The recent decision of LVI Group Investments LLC v. NCM Group Holdings LLC, C.A. No. 12067-VCG (Del. Ch. Sept. 7, 2017) addresses the concept of conspiracy theory of jurisdiction, under which which a non-resident may be subject to Delaware court jurisdiction if a co-conspirator commits an act in Delaware in furtherance of the conspiracy.
Specifically, according to the Delaware Supreme Court,
a conspirator who is absent from the forum state is subject to the jurisdiction of the court, assuming he is properly served under state law, if the plaintiff can make a factual showing that: (1) a conspiracy to defraud existed; (2) the defendant was a member of that conspiracy; (3) a substantial act or substantial effect in furtherance of the conspiracy occurred in the forum state; (4) the defendant knew or had reason to know of the act in the forum state or that acts outside the forum state would have an effect in the forum state; and (5) the act in, or effect on, the forum state was a direct and foreseeable result of the conduct in furtherance of the conspiracy.

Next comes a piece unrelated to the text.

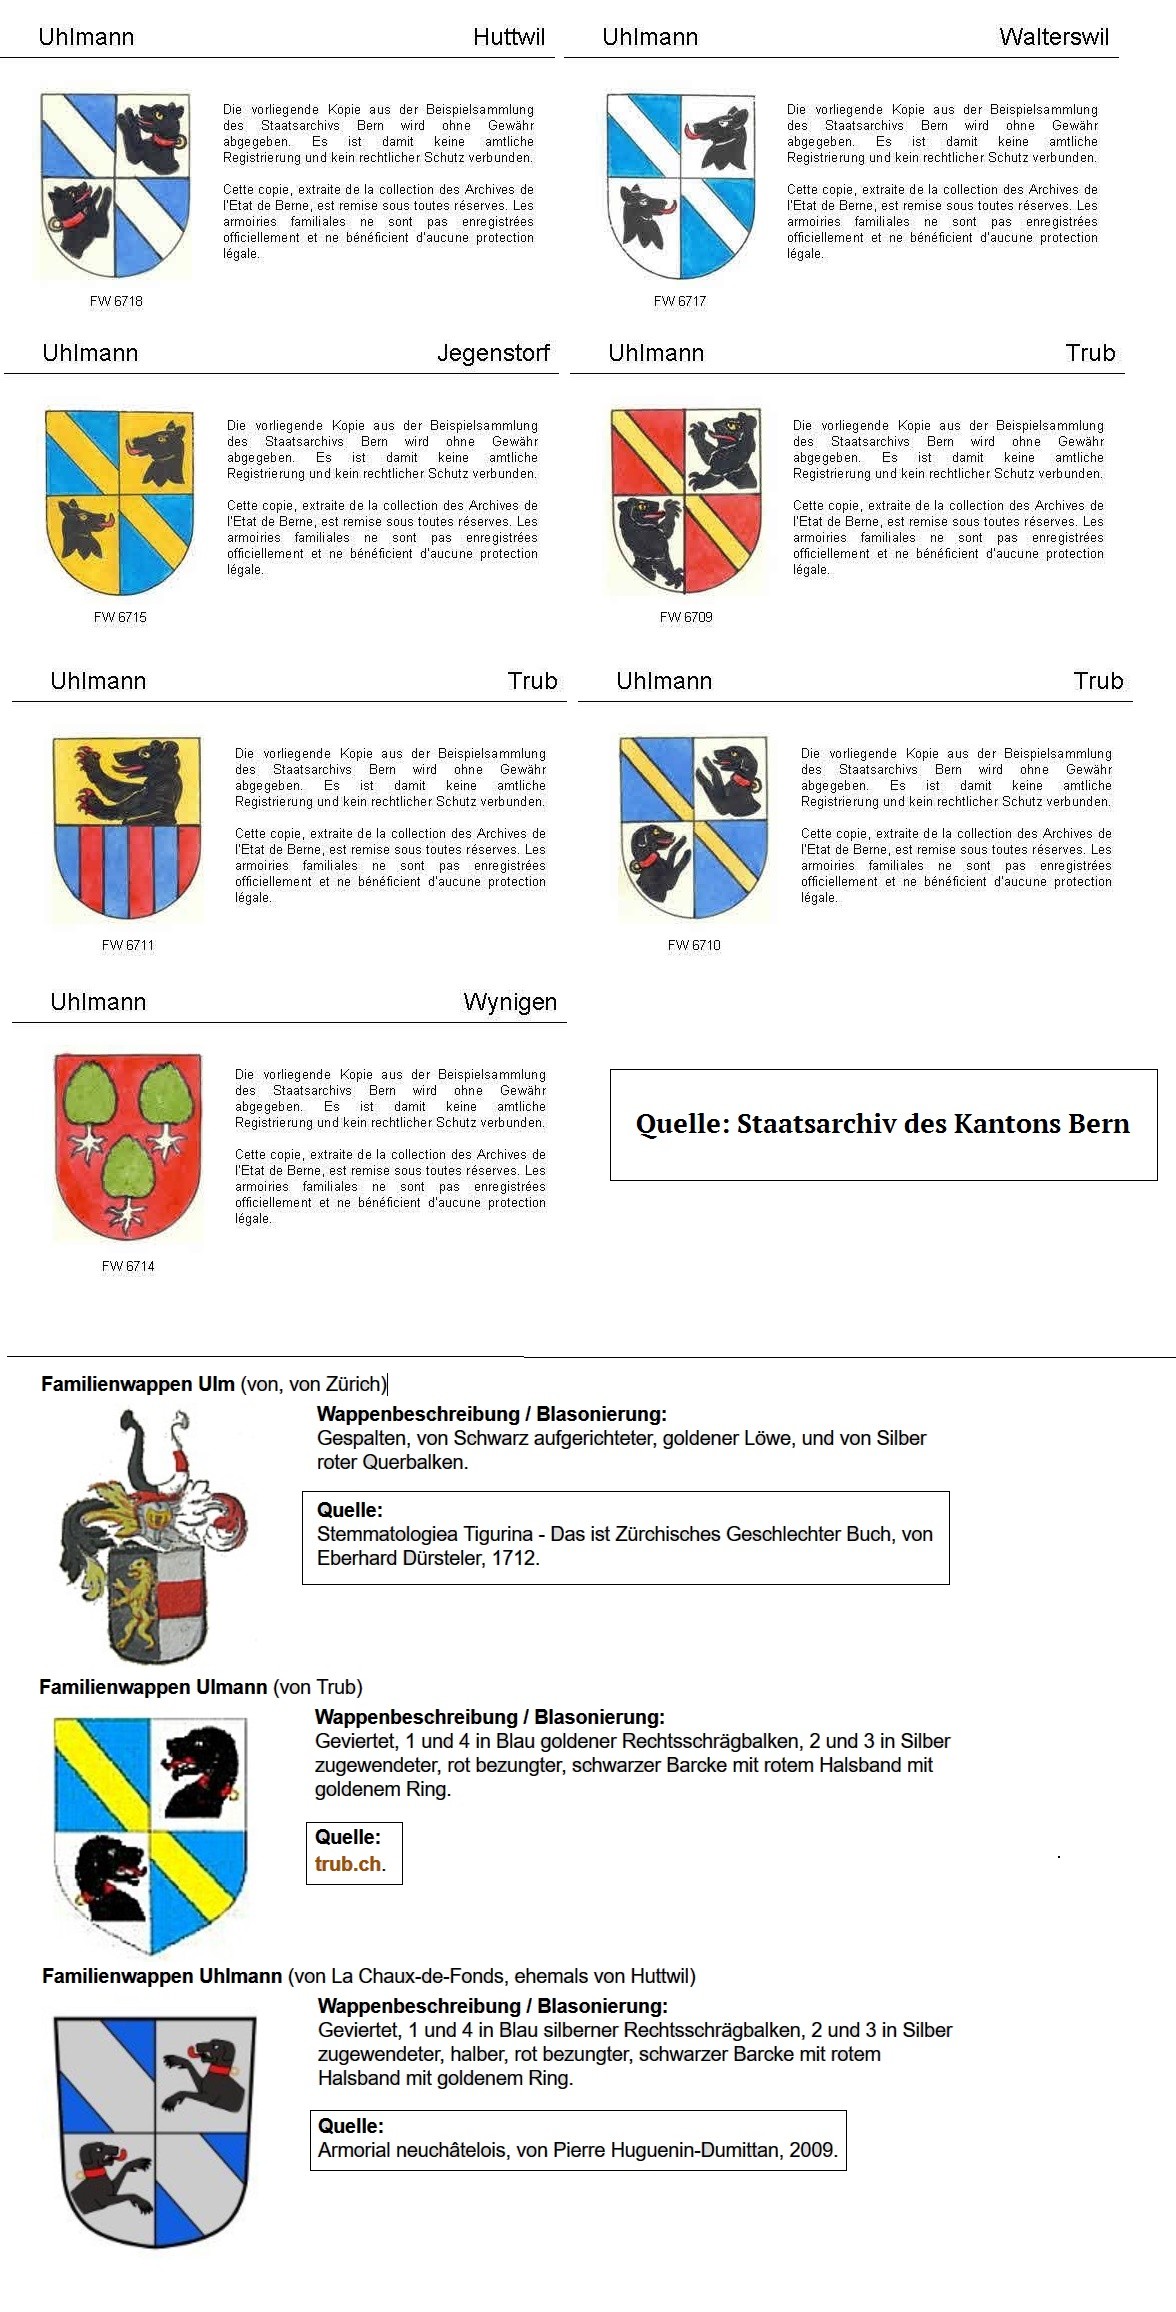 UHLMANN / ULMANN / ULLMANN Wappen in der Schweiz

Istituto Bancario Italiano SpA v. Hunter Eng’g Co., 449 A.2d 210, 225 (Del. 1982).
In LVI Group, Vice Chancellor Glasscock examined whether a non-resident CFO of a Delaware corporation was subject to jurisdiction in Delaware under the conspiracy theory of jurisdiction. The Court found that plaintiff’s attempt to establish personal jurisdiction via a conspiracy theory fails because “[a] corporation cannot conspire with itself.” Slip op. at 6. Plaintiff alleges a conspiracy between defendant corporation, its executives and board members. As this Court has explained, however, “a corporation generally cannot be deemed to have conspired with its officers and agents for purposes of establishing jurisdiction under the conspiracy theory.” Id.
Plaintiff argued an exception to this rule in the Third Circuit decision of Johnston v. Baker, 445 F.2d 424 (3d Cir. 1971), because it pled that defendant CFO acted for “his own personal benefit because he was an LVI owner and was to become CFO of the new company with substantial compensation,” that is, defendant would become CFO of a new company with a “substantial” salary.
However, Vice Chancellor Glasscock noted that “[c]ourts interpreting the personal reasons exception of Johnston . . . have read it to mean a personal animus and/or desire for financial benefit other than one’s corporate salary.” Slip op. at 6. Moreover, “[n]owhere in . . . Johnston is there any suggestion that the desire to protect or enhance one’s salary makes an agent sufficiently independent of the corporation to be capable of conspiring with it.” Id. at 6-7.
Accordingly, the Court found that personal jurisdiction over the non-resident CFO cannot be premised on plaintiff’s conspiracy theory.